Page MenuHomeSoftware Heritage

Network refactoring - step 1
Closed, MigratedEdits Locked

Description

[Results of the meetings done with @ardumont and @olasd]

The current network architecture has several problems:

  • any server can reach any other regardless of the environments
  • the routing management is complicated due to intervlan routing (staging <-> production <-> public)
  • several servers have public interface "exposed" to internet via the public vlan as they should be more protected by the fw/rp for security reasons

New needs also appeared and they can't be easily addressed with the current network organization:

  • staging / production isolation to avoid undesirable interactions between this 2 environments
  • Opening the staging to the external world to allow external people to test their contributions
  • Allowing external people to access the staging environment via the VPN (without being able to access the production or admin servers)
  • [and probably many others]

The current network architecture is:

The goal is to progress steps by step and to validate the new architecture by testing it on non critical services (staging, new services like the inventory app)

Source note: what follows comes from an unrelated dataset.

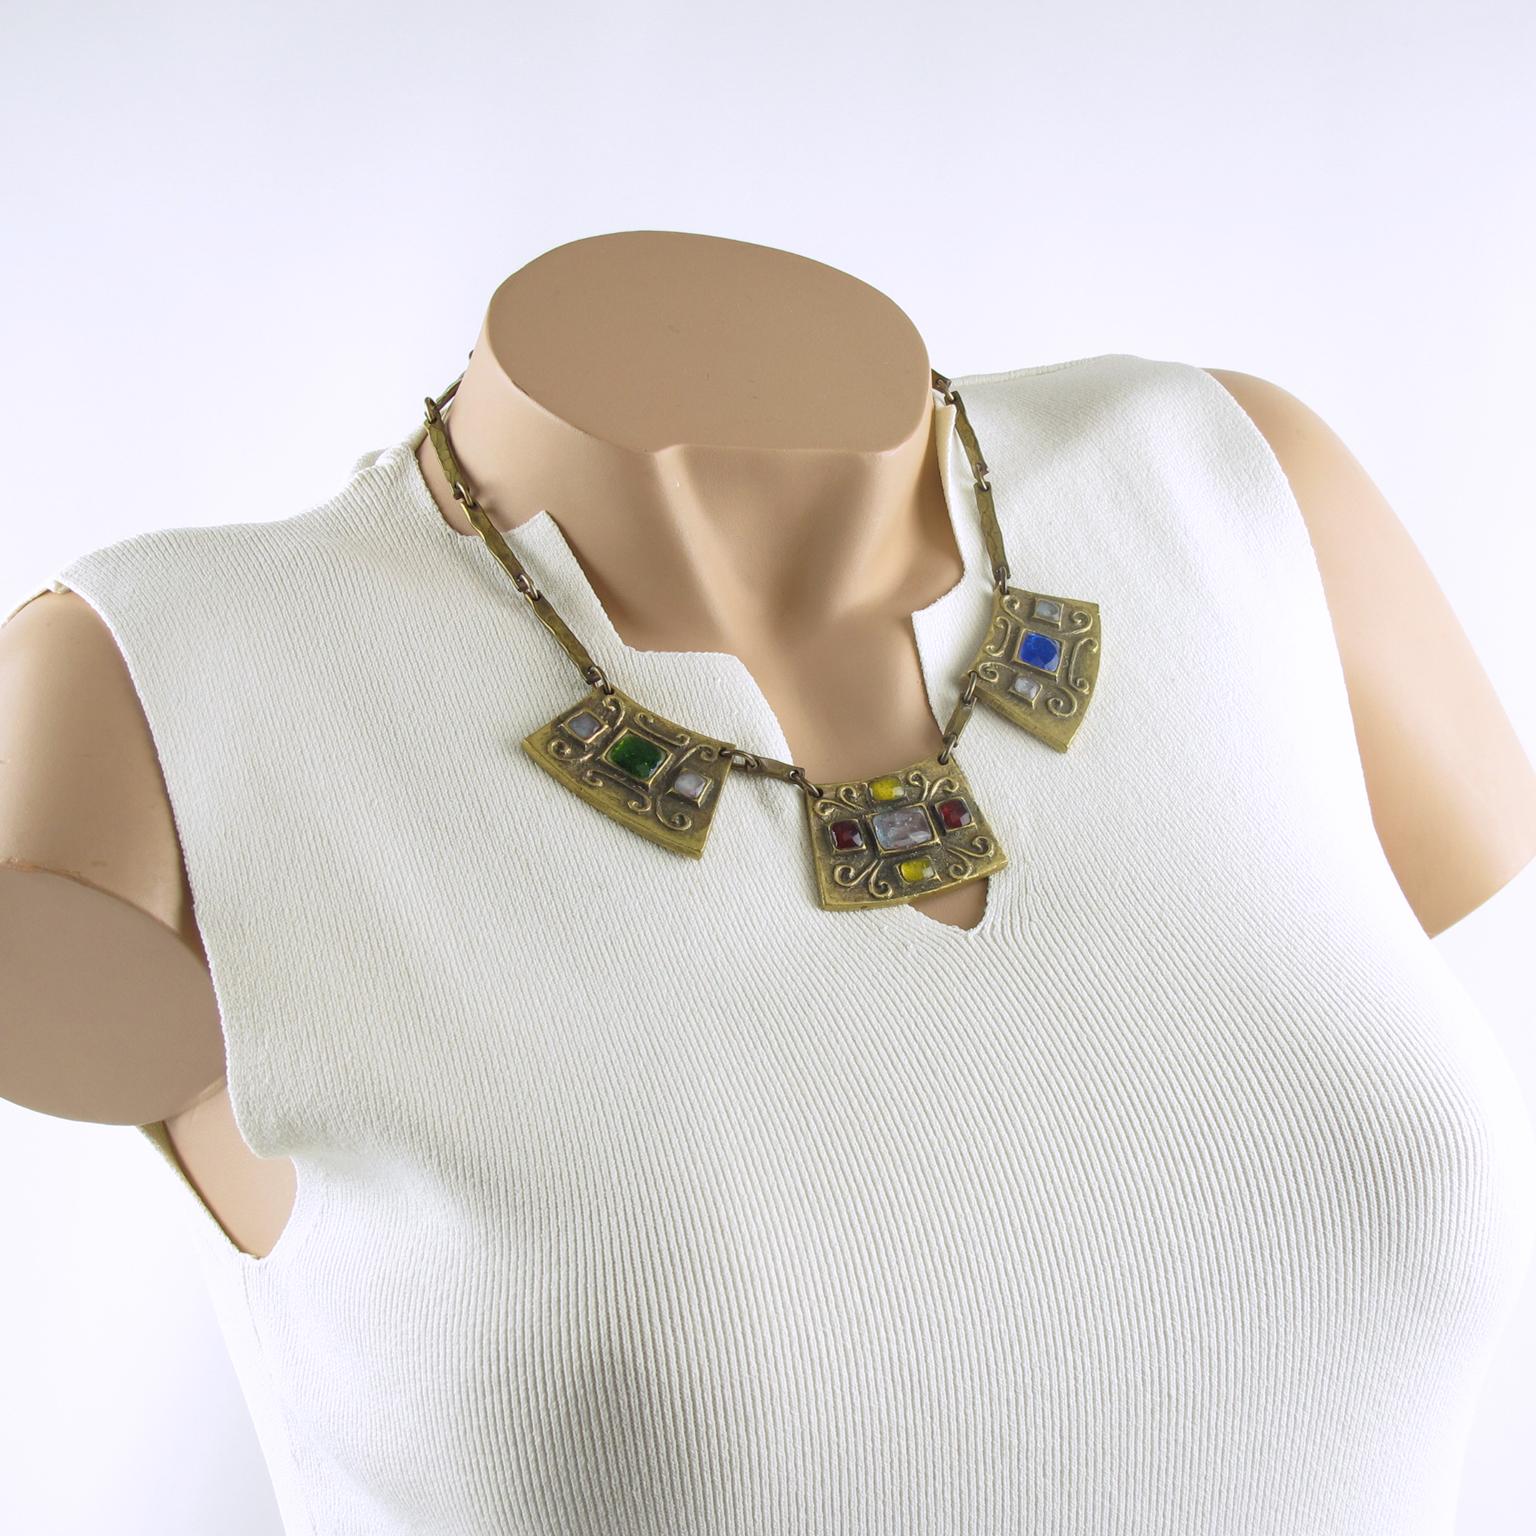 This charming modernist bronze choker necklace boasts a geometric construction with three central medallions on a heavy gilded bronze worked chain. Each geometric bronze medallion is embellished with poured glass cabochons in white opalescent,
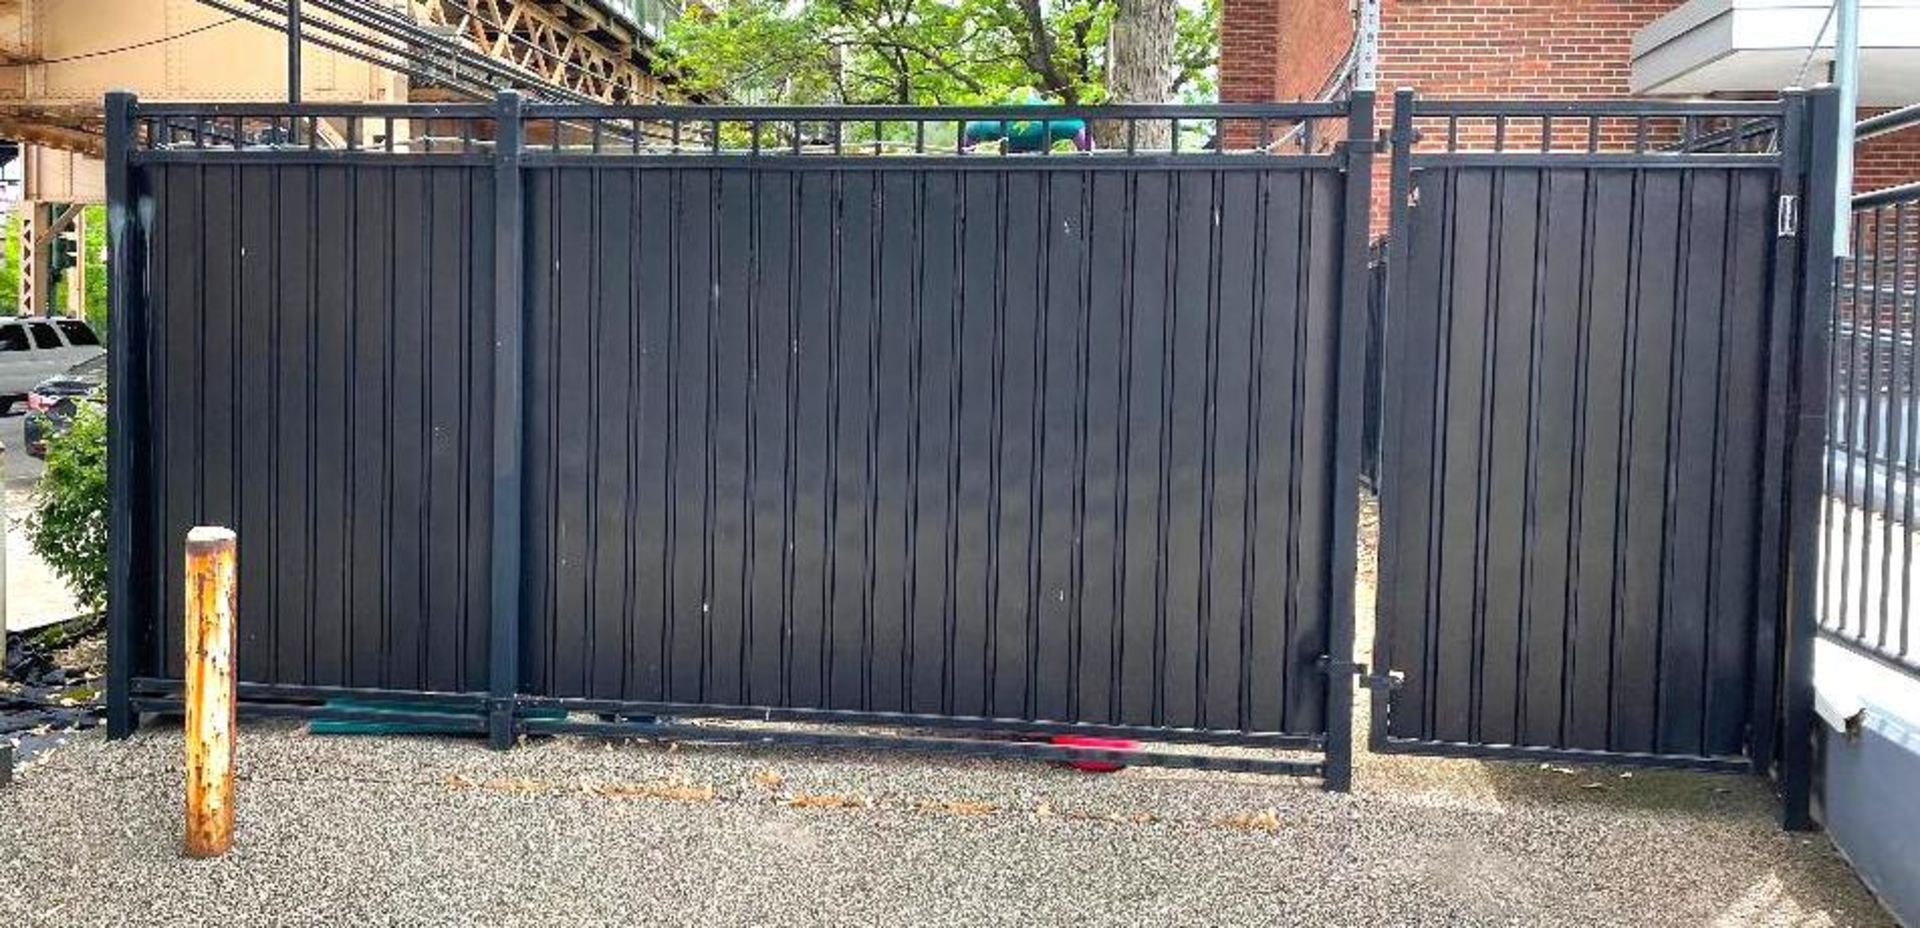 DESCRIPTION (22) 96" X 72" ALUMINUM PRIVACY GATE W/ (2) ENTRY GATE SECTIONS LOCATION PLAYGROUND THIS - Image 2 of 7

The proposed solution is to:

  • manage the inter-vlan communication with a global firewall to centralize the routing and filtering informations
  • migrate the VPN and IPSec tunnel to this new firewall
  • manage the public entrypoints (web sites, monitoring, ...) with reverse proxies, one per environment

The proposal for the step one:

The identified tasks are:

  • Convert the unused ceph's vlan (VLAN442) to an admin vlan. The target will be to migrate the admin / monitoring / logs / internal servers into this vlan to isolate them from the production of the archive
  • Choose and install a software firewall, pfsense or opnsense can be good candidates. Elected: opnsense
  • Create an install the netbox server
  • Create an admin reverse proxy exposing the netbox service (internal only)
  • Convert the servers used for the ceph cluster to the new staging environment (database + proxmox, to confirm and detail)
    • storage1
    • db1
    • ceph-mon: in-progress
  • T2721: Deploy the staging services on the new staging environment (to detail on several subtasks)
  • T2747: Create the reverse proxy to expose the staging services publicly

For the record, this is a copy of the whiteboard after the metting:

Event Timeline

zack triaged this task as Normal priority.Oct 1 2020, 1:24 PM

@olasd I looked at the swh-docs repository to store the sources of the diagrams as you have suggested but I'm not sure this is the better place to store them as the goal is not to display them on the doc site.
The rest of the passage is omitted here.